Spam emails, bank fraud, diabetes, workers quitting their jobs. What do these topics have in common? The answer can be found in machine learning research at Binghamton University.
Dana Bani-Hani, a doctoral student studying industrial and systems engineering, has spent the past few years teaching machines how to read data sets in any industry. The system she coded, called a Recursive General Regression Neural Network Oracle (R-GRNN Oracle), takes data inputs and creates prediction outputs.
Classification models are not new in data science and analytics, but what Bani-Hani created goes beyond the basics. A typical system uses algorithms, called classifiers, that run through a data set of many different variables to create a prediction. Oracles are created to run multiple sets of these classifiers to see which algorithm creates the most accurate prediction.

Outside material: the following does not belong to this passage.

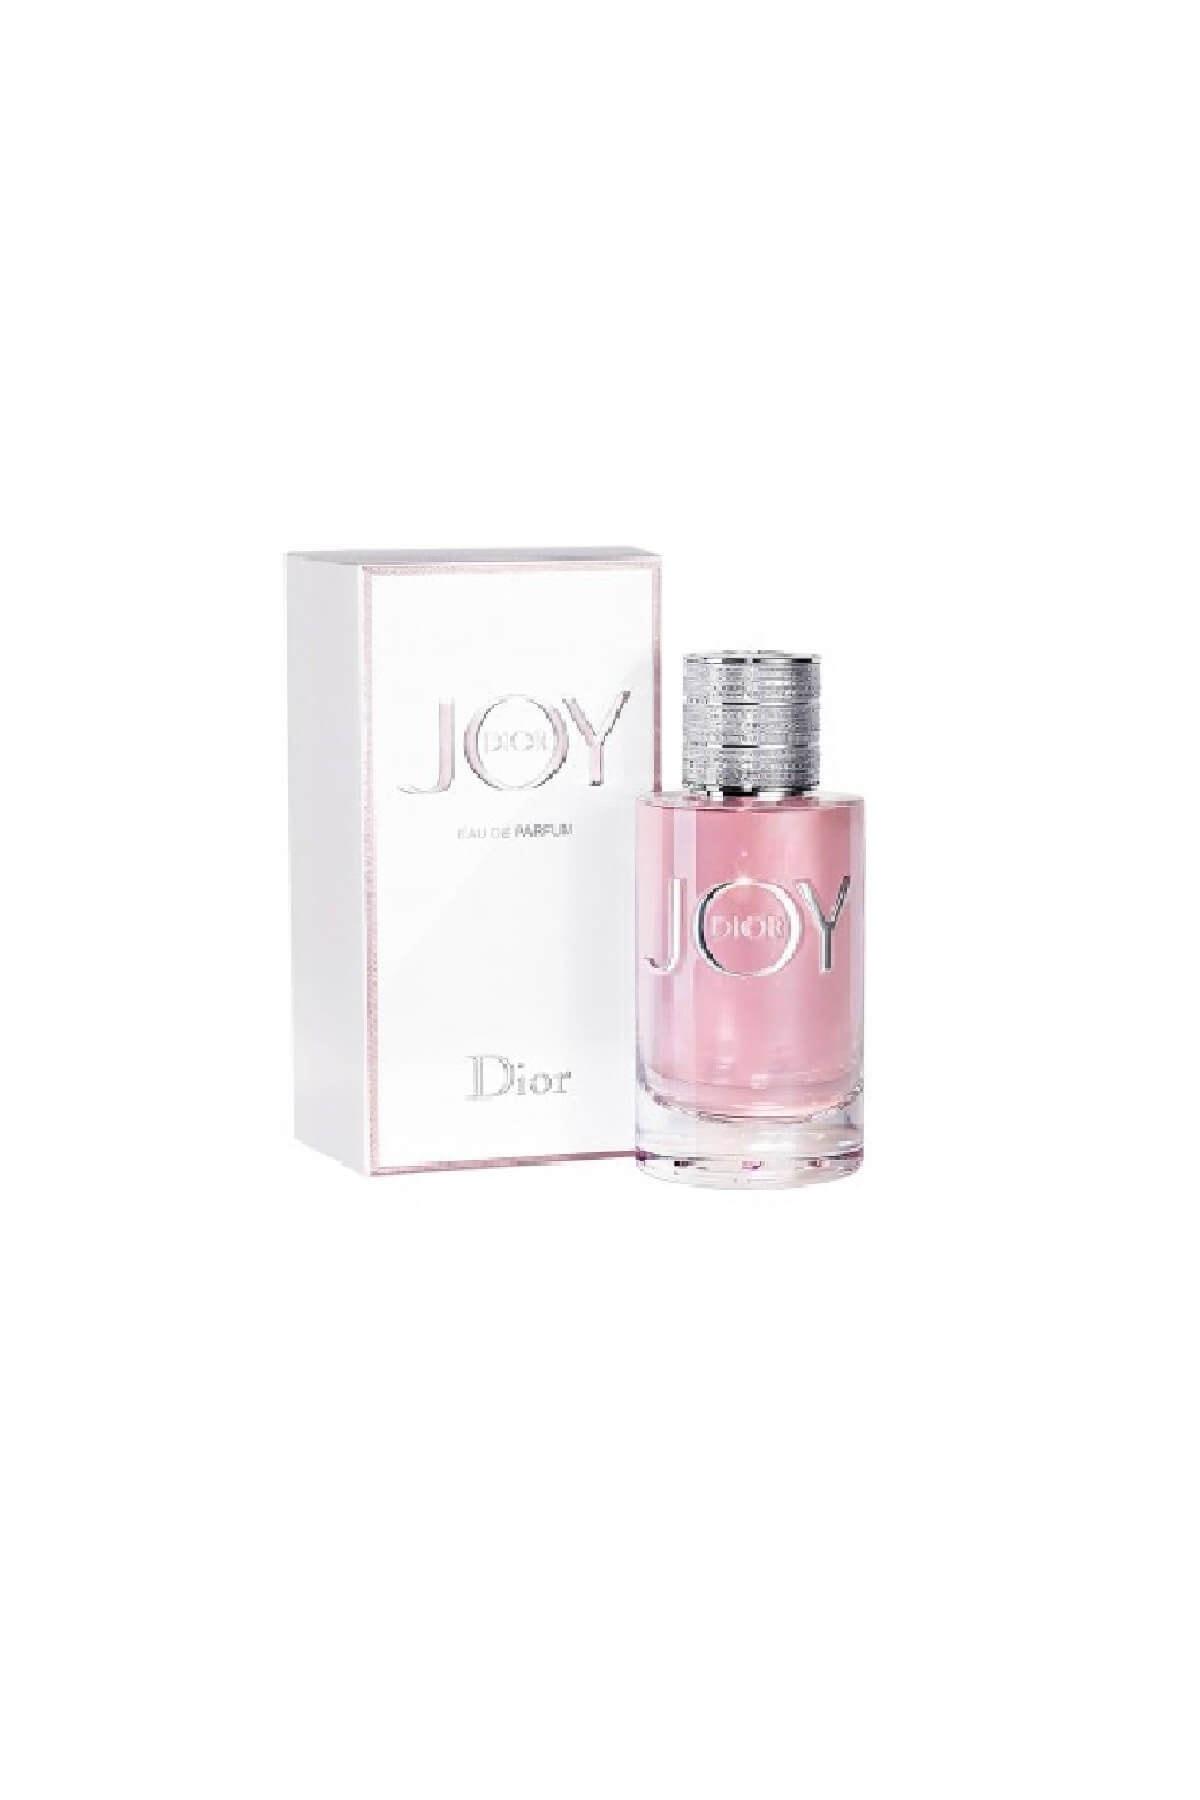 Christian Dior Joy Edp 50 Ml Kadın Parfümü 3348901419086 1

For example, a classifier can look at a myriad of emails and factor in certain word usage, word count and several other variables to determine if the email is spam. An oracle looks at the different classifier outputs and determines which most accurately predicted the spam emails.
What sets the R-GRNN Oracle apart from other oracles is its capability to take classifier outputs and rank them based on their accuracy. Based on the ranking, classifiers are given weights and are combined to produce a prediction superior to any one classifier on its own.
Think of this process like an orchestra. Each instrument has its own strengths, just like different classifiers, so it is useful to include them all. The conductor, like the R-GRNN Oracle, directs the different instruments to play loudly or more softly based on how the instrument makes the final symphony sound.
At this point, the system would be called a General Regression Neural Network (GRNN), which has been created before at Binghamton University. The real crux of Bani-Hani’s work lies in the first letter, R, standing for Recursion.
The R-GRNN Oracle takes the original GRNN output, and uses that entire system as an input for another GRNN prediction. This is combined with the most successful of the original classifiers.
So, back to the orchestra: The original symphony is recorded, and then played back again later. This time, along with the recording, a few instruments play again to further fine-tune the important sounds of the orchestra.
“Because of the way [the GRNN] works, I was able to create the recursive model,” Bani-Hani says. “The concept of recursion is not widely used in machine learning, so I decided to put an oracle inside of an oracle.”
Mohammad Khasawneh, professor and department chair in systems science and industrial engineering, supervised Bani-Hani’s research. He says systems like the GRNN and R-GRNN are underutilized and are vital in serious life events.
“The traditional GRNN Oracle has received limited attention in the literature as only very few researchers have published work on the algorithm,” Khasawneh says. “But many real-life problems that apply machine learning models to automate classifying unknown observations require accurate predictions. Tasks such as diagnosing diseases entail precision to avoid serious issues that could potentially lead to problems such as lawsuits or even deaths.”
Bani-Hani says the R-GRNN Oracle produces more accurate predictions than any single classifier alone, as well as one GRNN on its own. The R-GRNN Oracle took in thousands of email samples, programmed to factor 57 variables, and then produced a spam prediction superior to all other classifiers tested.
Bani-Hani also used the R-GRNN to predict credit card application fraud, diabetes diagnosis and whether a worker will quit based on past workplace experiences. In each case, the R-GRNN came out as the most accurate predictor.
She plans to focus her model on specific fields, such as business or finance, as well as package both the GRNN Oracle and the R-GRNN Oracle so companies do not have to create the entire code from scratch.
Bani-Hani’s journey to machine learning research started nearly 6,000 miles away from Binghamton in Jordan. After completing her bachelor’s degree in architectural engineering, she heard about Binghamton University through Watson School faculty and academic leaders, and from her father’s supportive suggestions. She initially pursued a master’s degree in industrial engineering, but she soon found a new passion: data mining and machine learning.
“Getting a PhD has been a dream of mine for the last 15 years,” Bani-Hani says. “I mainly attribute this to having a family with advanced degrees. I am thankful to my professors here at Binghamton University for introducing me to the topics that make up my research.”